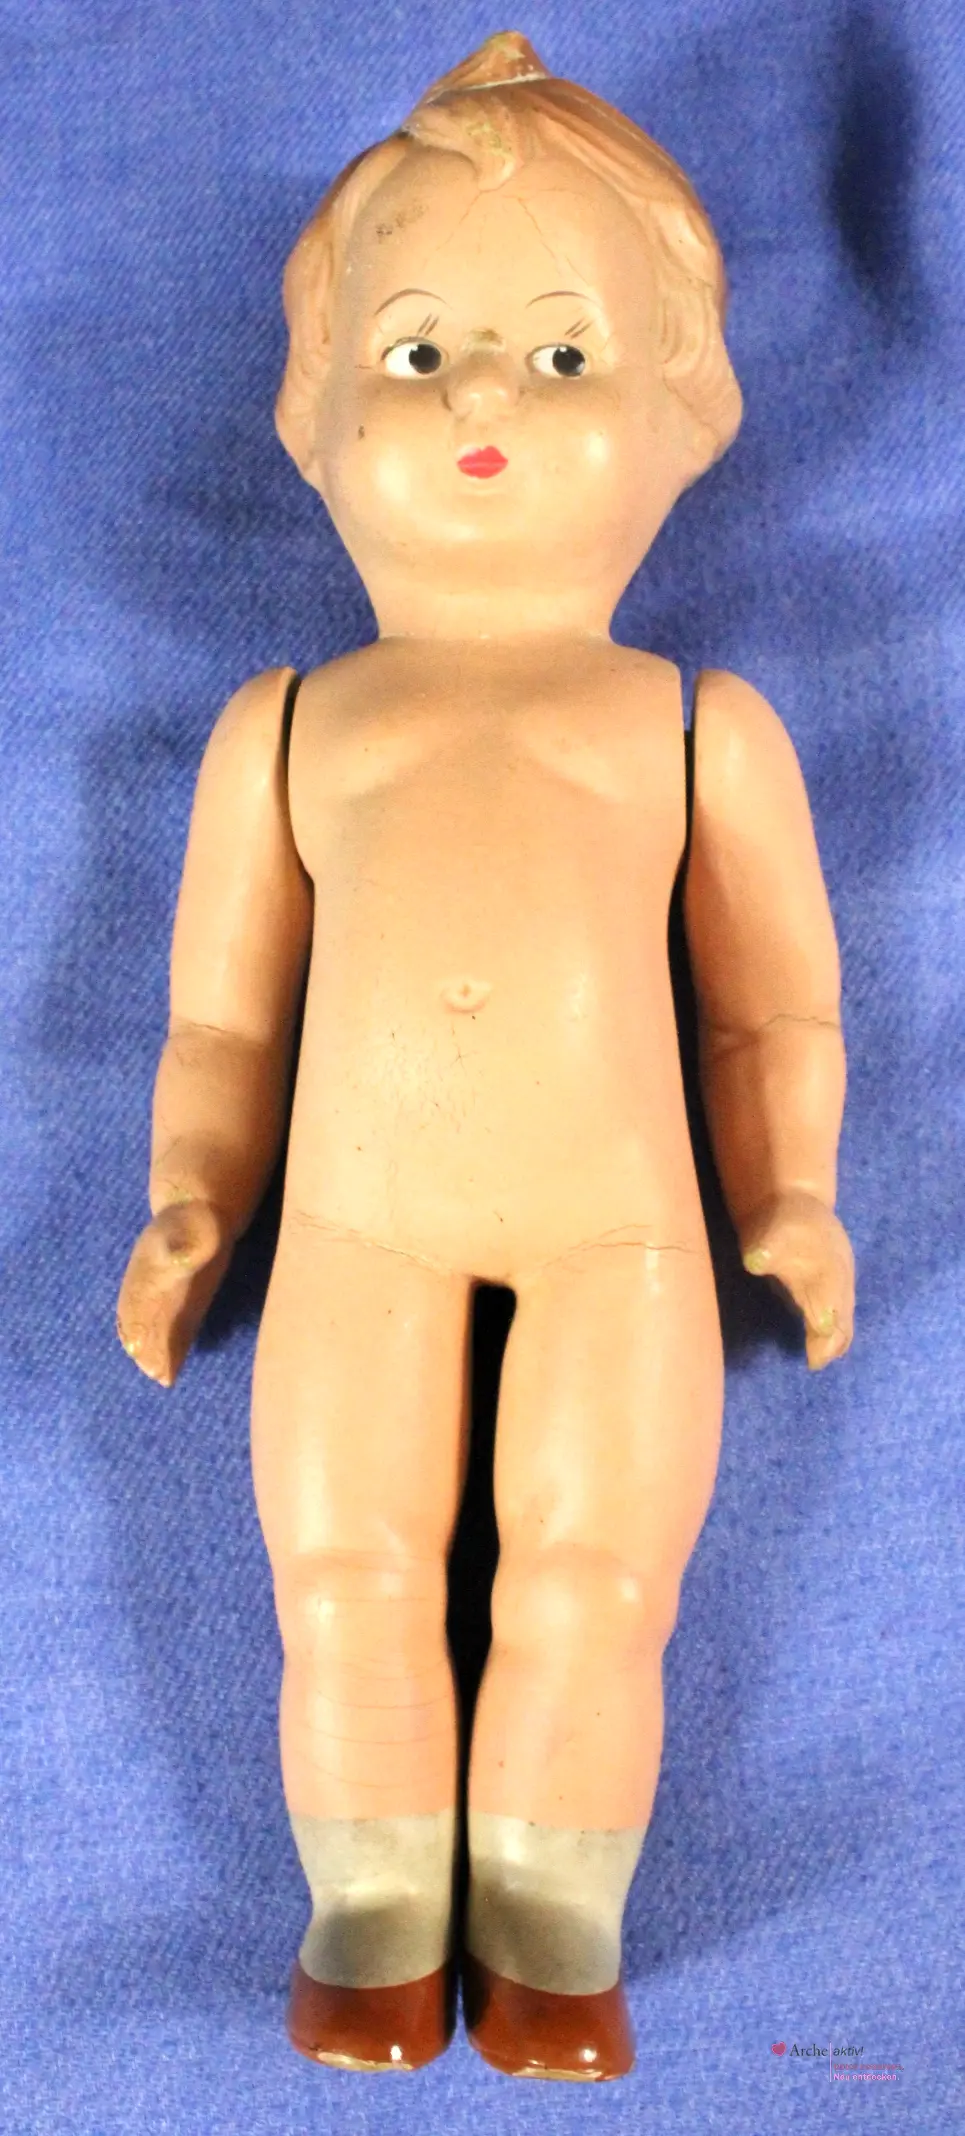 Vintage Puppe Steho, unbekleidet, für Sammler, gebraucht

---

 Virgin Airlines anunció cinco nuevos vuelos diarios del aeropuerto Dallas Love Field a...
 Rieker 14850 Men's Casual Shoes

#### [Your instructions]
Your task is to transcribe, with no changes, only the lines of the listing above that lie between the line holding "Virgin Airlines anunció" and the line holding "Rieker 14850 Men's Casual Shoes", inclusive.

#### [Solution for this problem]
 Virgin Airlines anunció cinco nuevos vuelos diarios del aeropuerto Dallas Love Field a...
 Rieker 14850 Men's Casual Shoes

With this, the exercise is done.